本文档深入分析了ClickHouse表readonly或zk元数据lost的问题,并提出了相应的解决方案。通过对问题的深入研究和实践经验的总结,我们总结了一些有效的方法来处理这些问题,以确保ClickHouse表的正常运行和数据的安全性
ClickHouse是一款高性能的分布式列式数据库,在处理大量数据时具有出色的性能。然而,在实际使用过程中,我们可能会遇到ClickHouse表readonly或zk元数据lost的问题,这会影响到数据库的正常操作和数据的一致性。因此,理解并解决这些问题对于确保ClickHouse系统的稳定性和可靠性至关重要。
Clickhouse 22.x 表readonly处理方法:
clickHouse 版本需要大于 21.7
#readonly时请手动删除zk或ck-keeper元数据再执行(只读表多可以直接删除data/app/clickhouse/coordination)
老本请参考https://kb.altinity.com/altinity-kb-setup-and-maintenance/altinity-kb-zookeeper/altinity-kb-recovering-from-complete-metadata-loss-in-zookeeper/
#!/bin/bash
# clickhouse机器的IP和端口
hosts=("192.168.0.110" "192.168.0.111" "192.168.0.112")
ports=("18101")
for host in ${hosts[@]}; do
for port in ${ports[@]}; do
query_result=$(clickhouse-client -u default --password 123456 --port $port -h $host --query "select database,table from system.replicas where is_readonly;")
# 该节点没有readonly状态的表,直接跳过
if [ -z "$query_result" ]; then
echo "$host:$port not have readonly table,skip"
continue
fi
# 将结果按行分割,并遍历每一行
while IFS= read -r line; do
# 分割行中的字段获取到数据库名和表名,并保存到变量中
database=$(echo $line | cut -d ' ' -f 1)
table=$(echo $line | cut -d ' ' -f 2)
# 拼接新的SQL语句数组
new_sql=( "SYSTEM RESTART REPLICA $database.$table;" "SYSTEM RESTORE REPLICA $database.$table;")
# 循环执行新的SQL语句并输出结果
for sql in "${new_sql[@]}"; do
# 执行新的SQL语句并输出结果
echo "Results for $database.$table:"
clickhouse-client -u default --password 123456 --port $port -h $host --query "$sql"
echo ""
done
done <<< "$query_result"
done
done
Clickhouse 20.x批量脚本:
#ck 工作目录
CLICKHOUSE_WORKING_FOLDER=/data/app/clickhouse
#ck 数据目录
CLICKHOUSE_DATA_FOLDER=/data/appData/clickhouse
# should be same disk as CLICKHOUSE_WORKING_FOLDER! (otherwise we can't use hardlinks)
#ckrecovery 数据目录
CLICKHOUSE_TOOLSET_FOLDER=/data/clickhouse-zookeeper-recovery-master
#ck ck用户
CLICKHOUSE_WORKING_USER=commonuser
#ck ck用户
BACKUP_FOLDER="${CLICKHOUSE_TOOLSET_FOLDER}/backup2024-01-02"
#ck ck脚本目录
# if you need some adjustments - like username/password/port/listened host or some parameter - adjust it here.
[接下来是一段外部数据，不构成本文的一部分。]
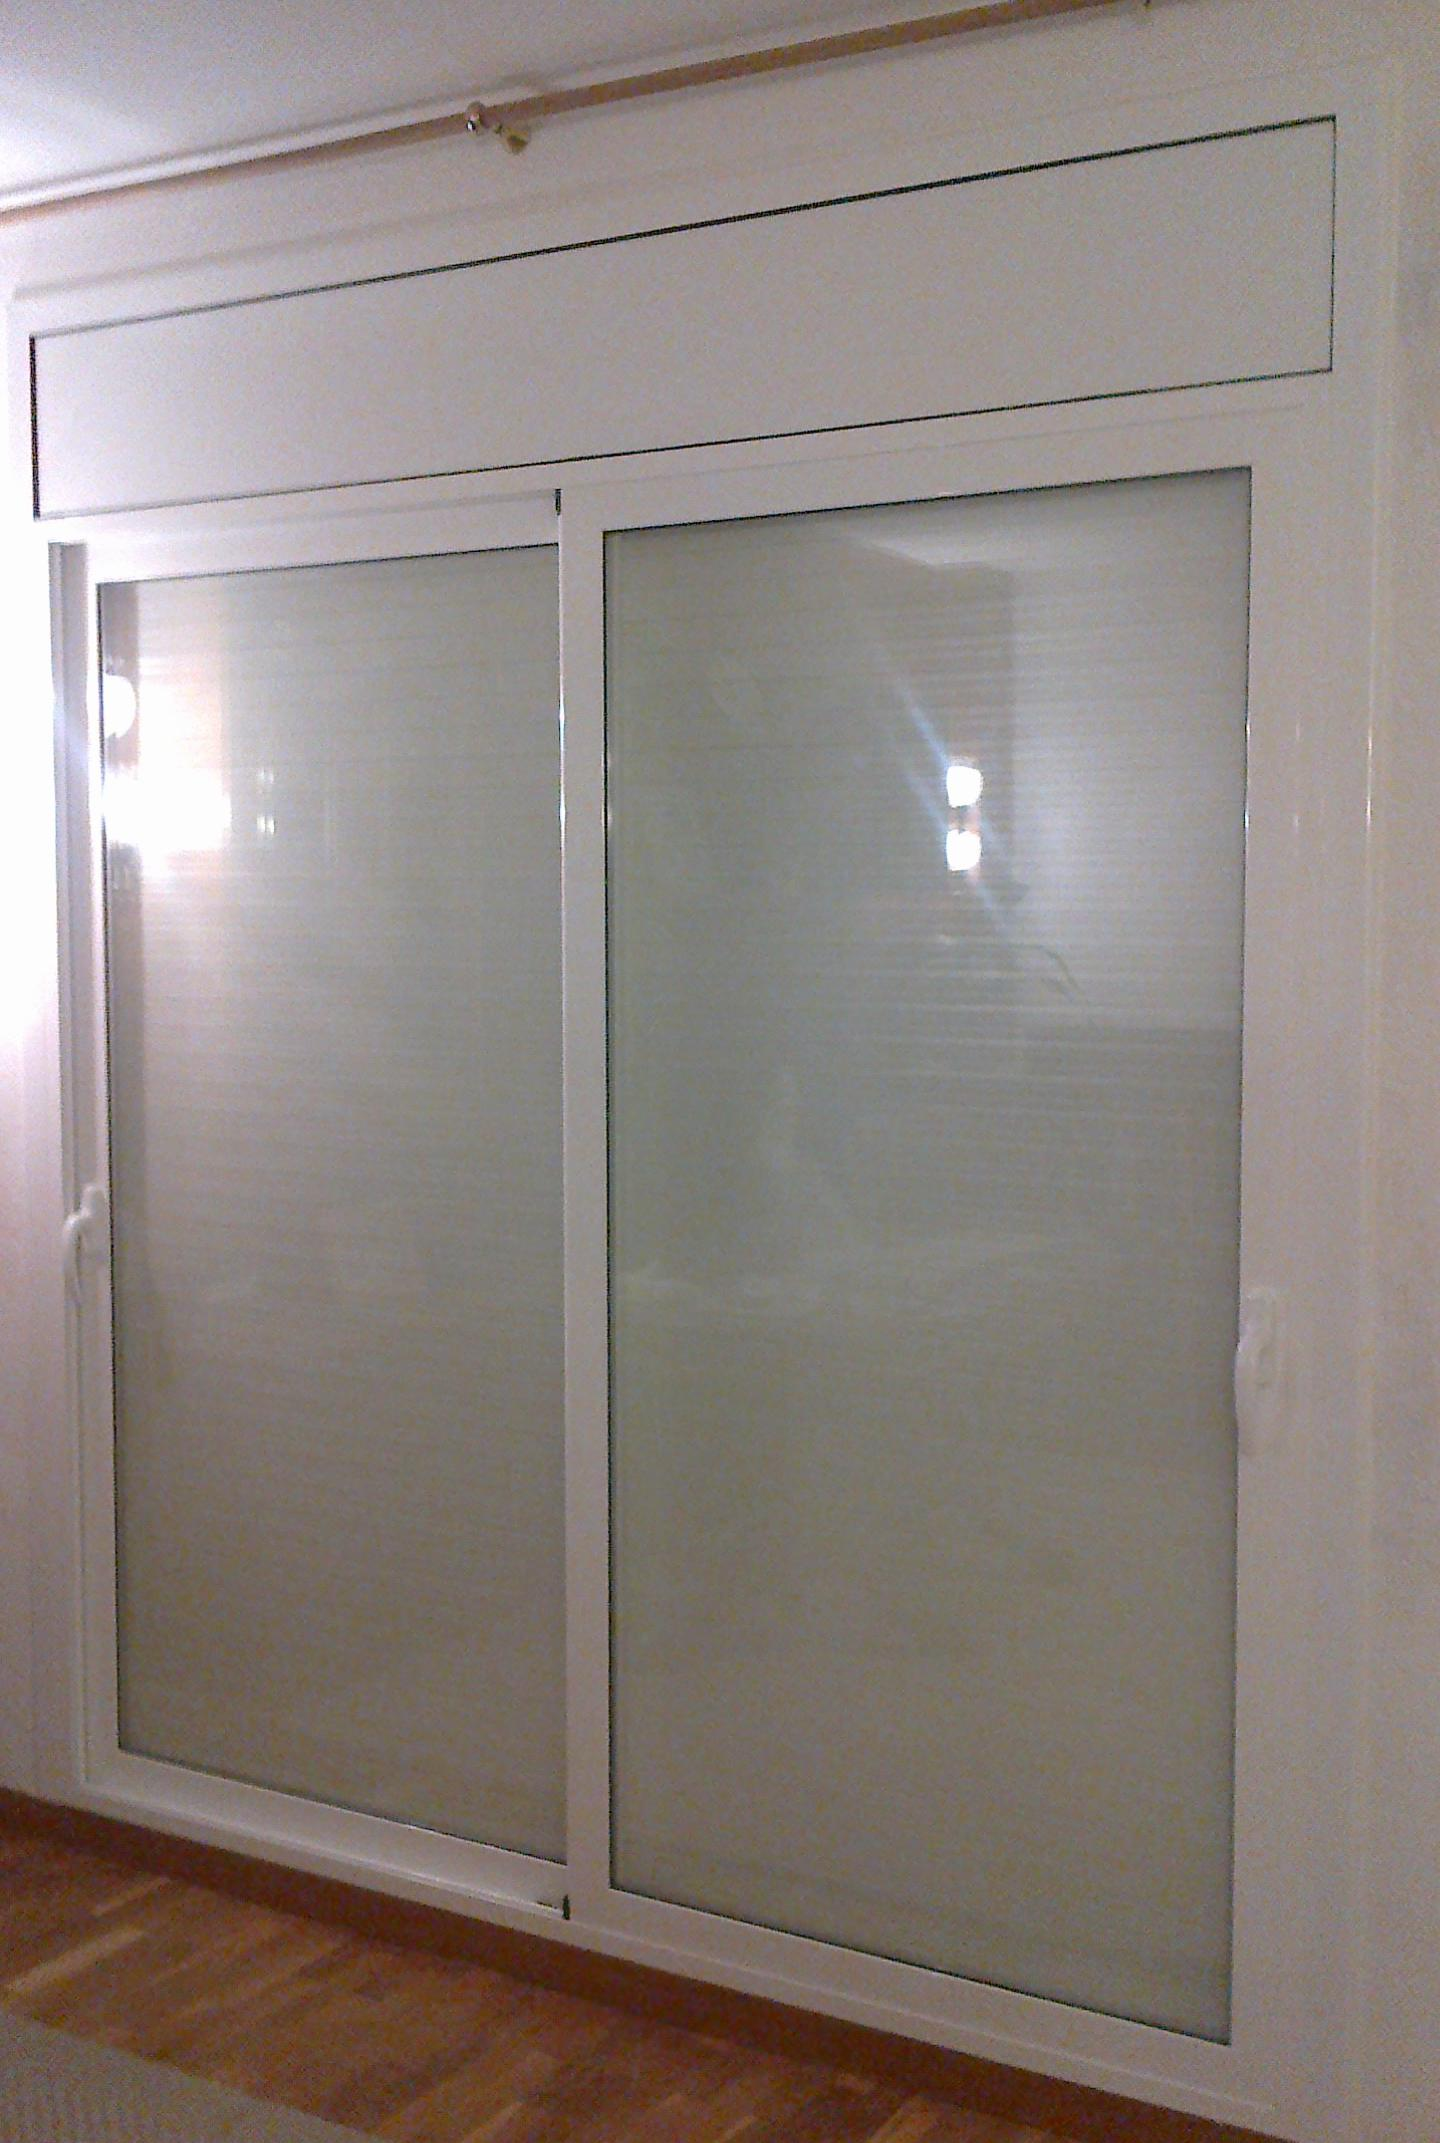 Puerta corredera de aluminio cat logo de vicar for Catalogo puertas aluminio

CLICKHOUSE_CLIENT=''"${CLICKHOUSE_WORKING_FOLDER}"'/bin/clickhouse-client -h 127.0.0.1 -u default --port 18101 --password Rootmaster@777 --max_query_size=10000000'
#ck ck脚本目录
CLICKHOUSE_EXTRACT_FROM_CONFIG=''"${CLICKHOUSE_WORKING_FOLDER}"'/bin/clickhouse-extract-from-config --config-file /data/app/clickhouse/etc/clickhouse-server/config.xml'
# for replicated tables we should use data only
# from single replica (others will replicate)
# otherwise we will have replicated data
# if last character of the hostname is 1 we are on the master replica.
HOSTNAME_SHORT=$(hostname -s)
MASTER_REPLICA=$( [ "${HOSTNAME_SHORT: -1}" == "1" ] && echo 'true' || echo 'false' )
### TODO: expose settings above via command-line args
### those normally should not be changed
ck ck表元数据目录
METADATA_FOLDER="${CLICKHOUSE_DATA_FOLDER}/metadata"
ck ck表数据目录
DATA_FOLDER="${CLICKHOUSE_DATA_FOLDER}/data"
ck ck备份表元数据目录
BACKUP_METADATA_FOLDER="${BACKUP_FOLDER}/metadata"
ck ck备份表数据目录
BACKUP_DATA_FOLDER="${BACKUP_FOLDER}/data"
# we do mv instead of rm -rf (just in case), that folder is used as trashbin
TRASHBIN_FOLDER="${CLICKHOUSE_TOOLSET_FOLDER}/trashbin_$(date +%Y%m%d_%H%M%S)"
# we will put some tmp files there
TMP_FOLDER="${CLICKHOUSE_TOOLSET_FOLDER}/tmp"
#命令执行
cd /data/clickhouse-zookeeper-recovery-master
#创建备份
./toolset.sh create_local_backup
#重置node
./toolset.sh reset_node
#显示状态
./toolset.sh show_status
#恢复noreplicated
./toolset.sh recover_non_replicated
#恢复副本
./toolset.sh refill_replicated_tables
#恢复kafka表
./toolset.sh recreate_kafka_tables